An iconic image of the Great Irish Famine: pen & ink drawing of Bridget O’Donnel and two of her children by (it is believed) James Mahony, published in the London Illustrated News on 22nd December 1849.

The last couple of Monday nights have seen the airing of a two-part documentary series called The Hunger on RTÉ. It was, of course, about the Great Irish Famine, which led to the death of one million (mainly poor) Irish people and the emigration of over two million in the subsequent years. It was a shattering episode that altered Ireland for ever; the population of this island still hasn’t recovered to pre-Famine levels.

The series, based on a serious scholarly book called Atlas of the Great Irish Famine, and narrated by Liam Neeson, was unflinching and sometimes harrowing to watch, the dreadful personal accounts of suffering juxtaposed with equally shocking graphics showing the scale of the depopulation of rural Ireland. I haven’t read the book on which the The Hunger is based, but have ordered it from the local bookshop.

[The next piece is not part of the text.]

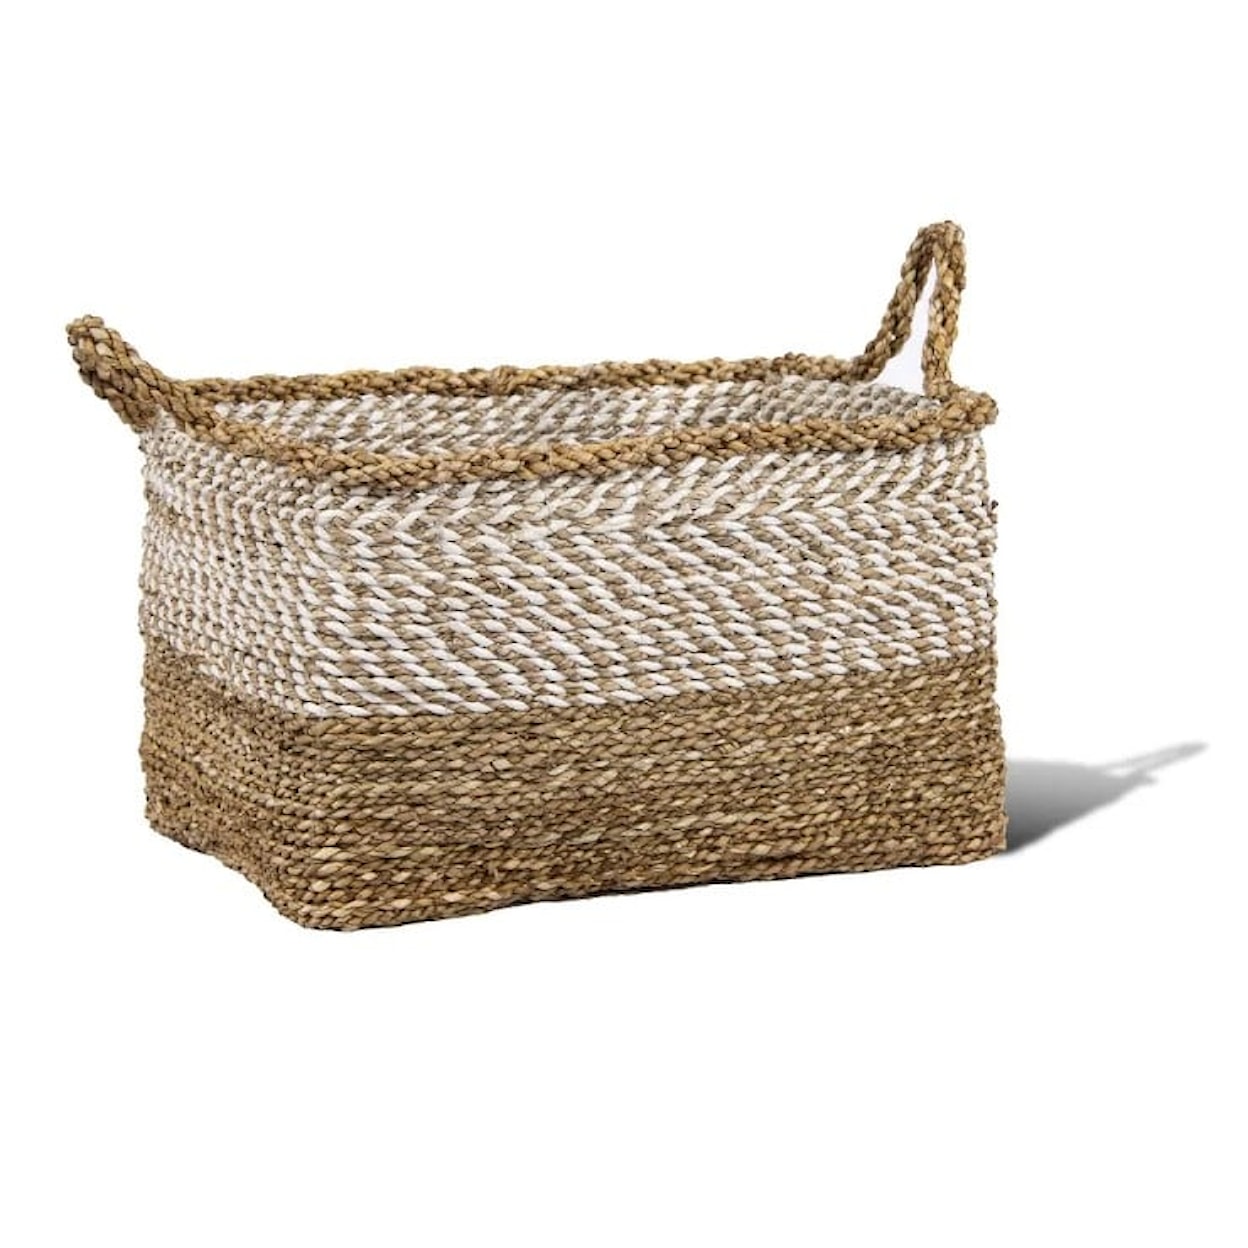 Ibolili Baskets and Sets BANANA LEAF SIMONE BASKET, RECT- S/3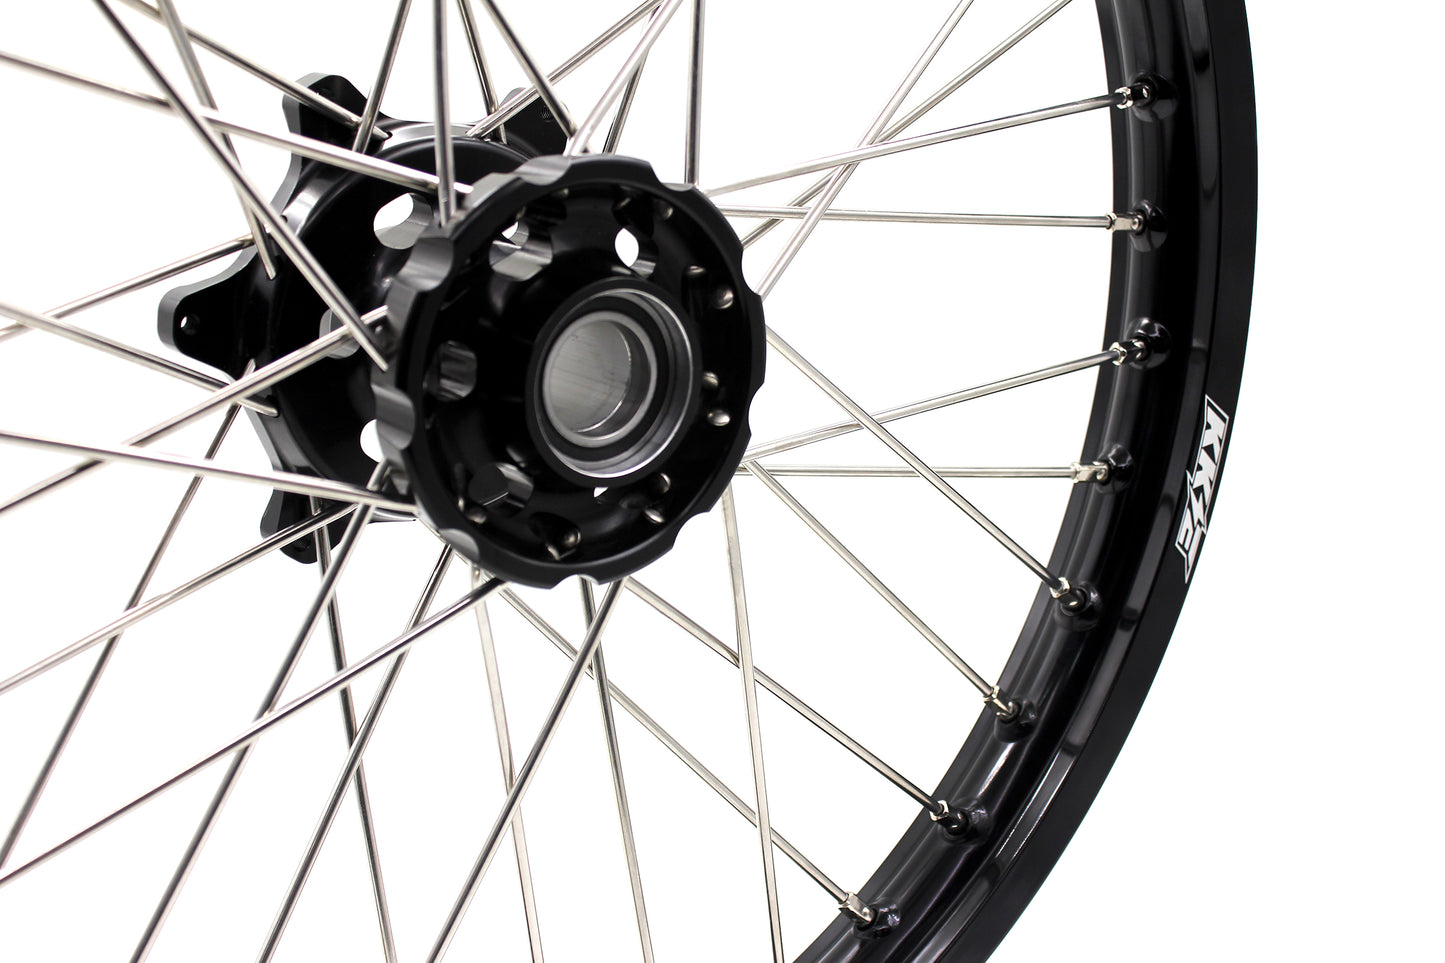 KKE Enduro 1.6*21" & 2.15*18" CNC Hub Electric Dirtbike Alloy Wheels Rims Fit STARK VARG Black Hub

‘No imagination can conceive — no tongue express— no brush paint— the horrors of the scenes which are daily exhibited in Ireland’, observed Senator Henry Clay in 1847 at the height of the Great Hunger.

I think it would be great if The Hunger were shown on British television, though I suspect few would watch it. The British prefer their own propaganda to the truth about the empire. Oscar Wilde once remarked “The problem is the English can’t remember history, while the Irish can’t forget it”. I don’t think the Great Famine will be forgotten soon, but I for one don’t see that as a problem.

2 Responses to “The Hunger”

  1. Dave Carter Says:

    It would be great if this was shown in the UK, maybe Channel 4 would show it. I don’t see the BBC taking it up these days sadly. There is a mixture of ignorance and outright denial in the UK about these events. On a smaller scale the same thing happened in the Hebrides, Skye etc.